I’m not familiar with using a compass. I can guess where the directions would fall based on instincts –probably the reason why I end up getting lost. But as an aspiring travel journalist, I take pleasure in navigating my trips without a proper itinerary because the surprise serendipitous events bring me is immeasurable. Even though I doubt my choices and most likely, regret them within the course of my travel, at the end of the day, I am proud to have made decisions on my own.

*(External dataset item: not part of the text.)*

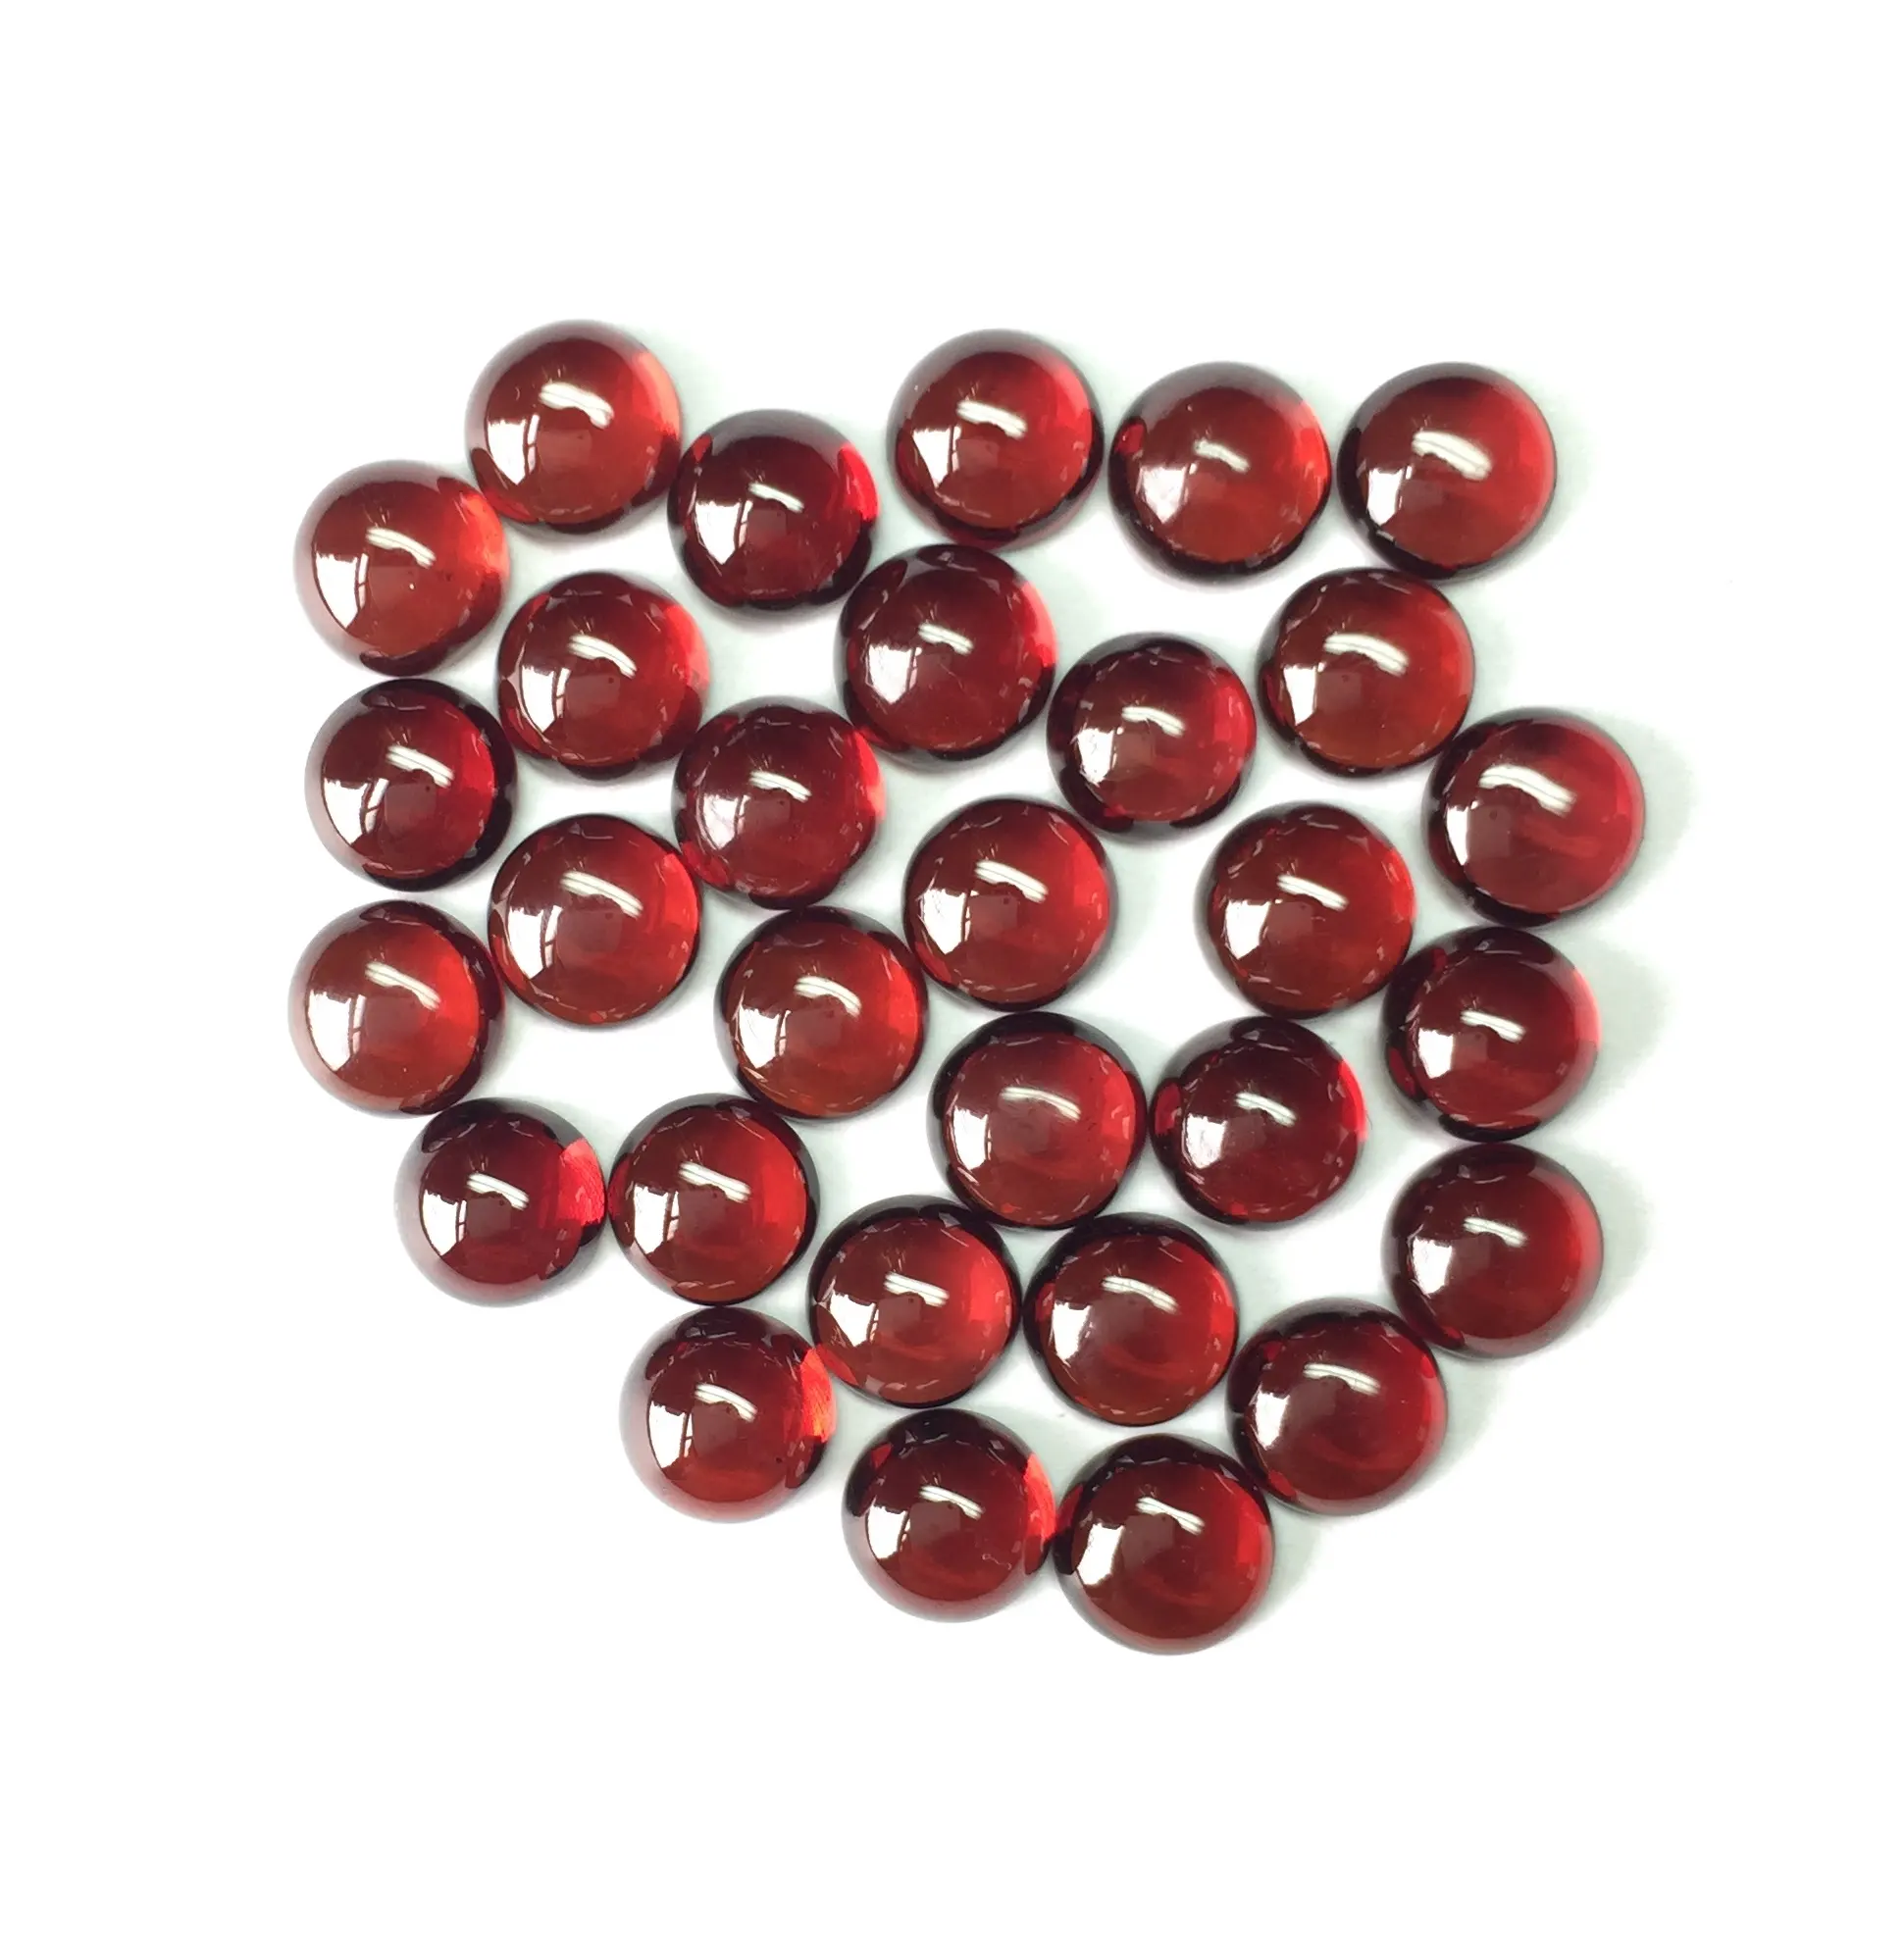 5mm प्राकृतिक लाल गार्नेट ढीला दौर Cabochon रत्न थोक मूल्य प्राकृतिक अच्छी गुणवत्ता पत्थर थोक थोक 100% अच्छा रंग

I am truly blessed for the past 16 months. I may have been wanting more each day, but if I would just stop from walking and talking and dreaming for a while and look at what I have achieved so far, I could not ask for more. I have travelled, I met a lot of amazing people, I did sorts of things I never thought I would and could do, I felt it was the moment that I have been waiting for –a small-town girl finally making it in the big city. However, some roadblocks are a sure sign of resting and rethinking of continuing a journey. A car needs gas (or water if you got a hybrid), a fare to fly or to take a bus. Walking is great, taking every journey one step at a time is very enriching and can be really addicting. But sometimes, it falls short and limited resources are hounding every step. So I made a decision; it may seem that it was made out of the blue, but trust me, never did a day pass that I didn’t think of taking a step back.
Now, in less than three weeks, with a ton of pending materials I have yet to accomplish, I am becoming more emotional by the day. With no opportunity or, at least, with opportunities waiting to be discovered, I am still (re)evaluating if I’m making the right decision. Is this really what I want? Do I seriously want to leave everything behind and finally conclude this chapter of my life?
Once I go home, it will be another round of reunion with people I missed dearly and catch-up with the latest. It will be my brother’s wedding; I will be there to witness how the wonderful and exciting chapter of his life unfolds before his eyes. I will be back in my old and dusty pink room and wake up at 10AM and sleep at 1AM. I will be eating Filipino food, minus the meat. I will be visiting Palawan with college friends and shoot a 2011 Swimsuit calendar. I will be back watching Disney Channel shows that I am seriously hoping I haven’t outgrown. I will be hailing tricycles again without having to bargain for prices; or hopefully, I will be able to renew my two-year-expired license and start driving. I will be dining in fast food chains, eat Micha’s and hangout at Bonito’s together with the Jocks after a day’s broadcast. I will be able to attend UP ComBroadSoc’s Gandingan 2011 which makes my insides giddy. I will be under my parents’ supervision, yet again. Some college friends and I will be enrolling in a formal Spanish language course and let’s see if I can squeeze in a little French. And well, I must get a job and meet more people.
Looks like coming back to my town of 20 years isn’t going to be bad after all. I remain optimistic that I will find what I’m looking for, my path to where I will call home.